Compared to a decade ago, fewer Americans have a cluster of risk factors that together can signal heart troubles and diabetes down the line, according to a new study.
But while so-called metabolic syndrome is declining, some of its components - including large waistlines and poor blood sugar control, which carry their own risks - are becoming more common, researchers found.
"I don't think we're out of the woods yet," said Gary Liguori, who has studied metabolic syndrome at the University of Tennessee at Chattanooga but wasn't involved in the new research.
"It may be the incidence of diabetes is going to continue to go up," he told Reuters Health.
Researchers led by Hiram Beltran-Sanchez from Harvard University in Cambridge, Massachusetts, used national health and nutrition surveys to track rates of the five traditional components of metabolic syndrome: high blood pressure, high triglycerides, low HDL ("good") cholesterol, high blood sugar and waist circumference greater than 40 inches for men or 35 inches for women.
People who met at least three of those five criteria were considered to have metabolic syndrome, which has been linked to heightened risk of heart disease, stroke, kidney disease and type 2 diabetes.
Overall, the study population's rate of metabolic syndrome dropped from 25.5 percent during the 1999-2000 surveys to 22.9 percent during 2009-2010, Beltran-Sanchez and his colleagues found.

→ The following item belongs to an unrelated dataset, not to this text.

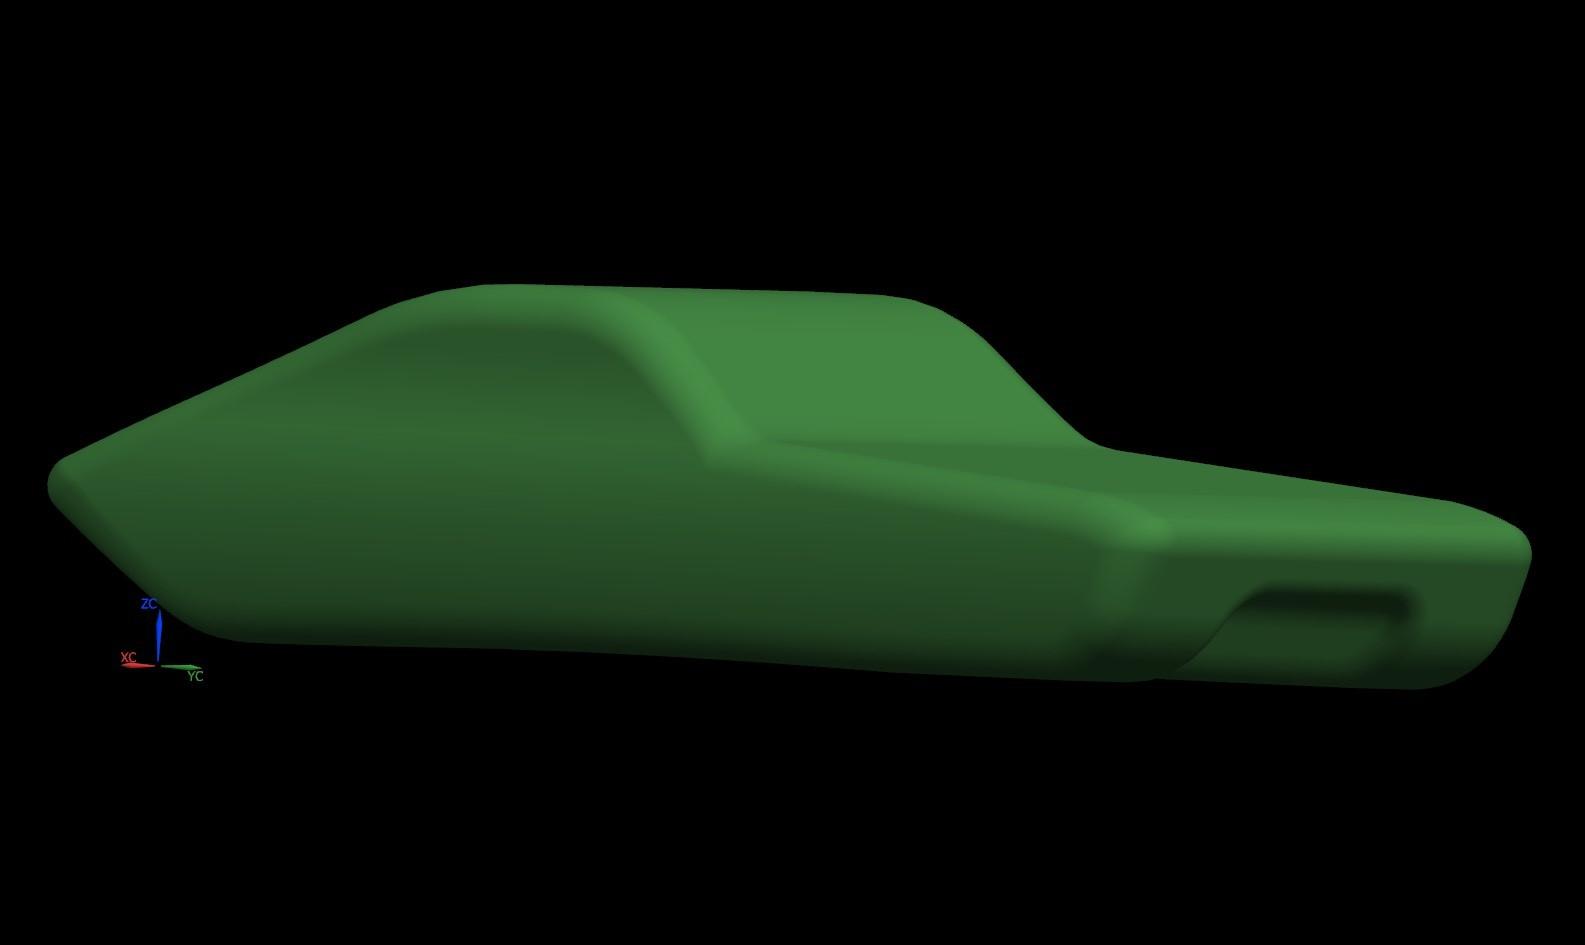 A render of the brand new Aurora design

In particular, rates of high blood pressure, high triglycerides and low HDL cholesterol all fell as more people took hypertension and cholesterol drugs.
Because of that, researchers might expect Americans to have fewer cardiovascular problems in the future, according to Beltran-Sanchez.
However, the proportion of study participants with high blood sugar rose from 12.9 percent to 19.9 percent, and the rate of abdominal obesity, or a large waist circumference, increased from 45.4 percent to 56.1 percent.
Liguori said the findings suggest doctors are getting better at reaching out to people who need medication, and more patients are taking their medicines as prescribed.
"When we looked at blood pressure or cholesterol levels that have declined, these declines align very well with the increased use of medication," Beltran-Sanchez told Reuters Health.
"But when we looked at waist circumference, there is really no treatment in some ways, really no medication."
Liguori said rates of abdominal obesity among women, in particular, were concerning.
During the study period, the proportion of women with large waistlines increased from 53.5 percent to 65.4 percent, according to the results published in the Journal of the American College of Cardiology.
"I just hope people don't think, ‘Well it's just a little weight gain, it's not a big deal,'" Liguori said. "Because it does tend to lead to insulin resistance, which then leads to diabetes."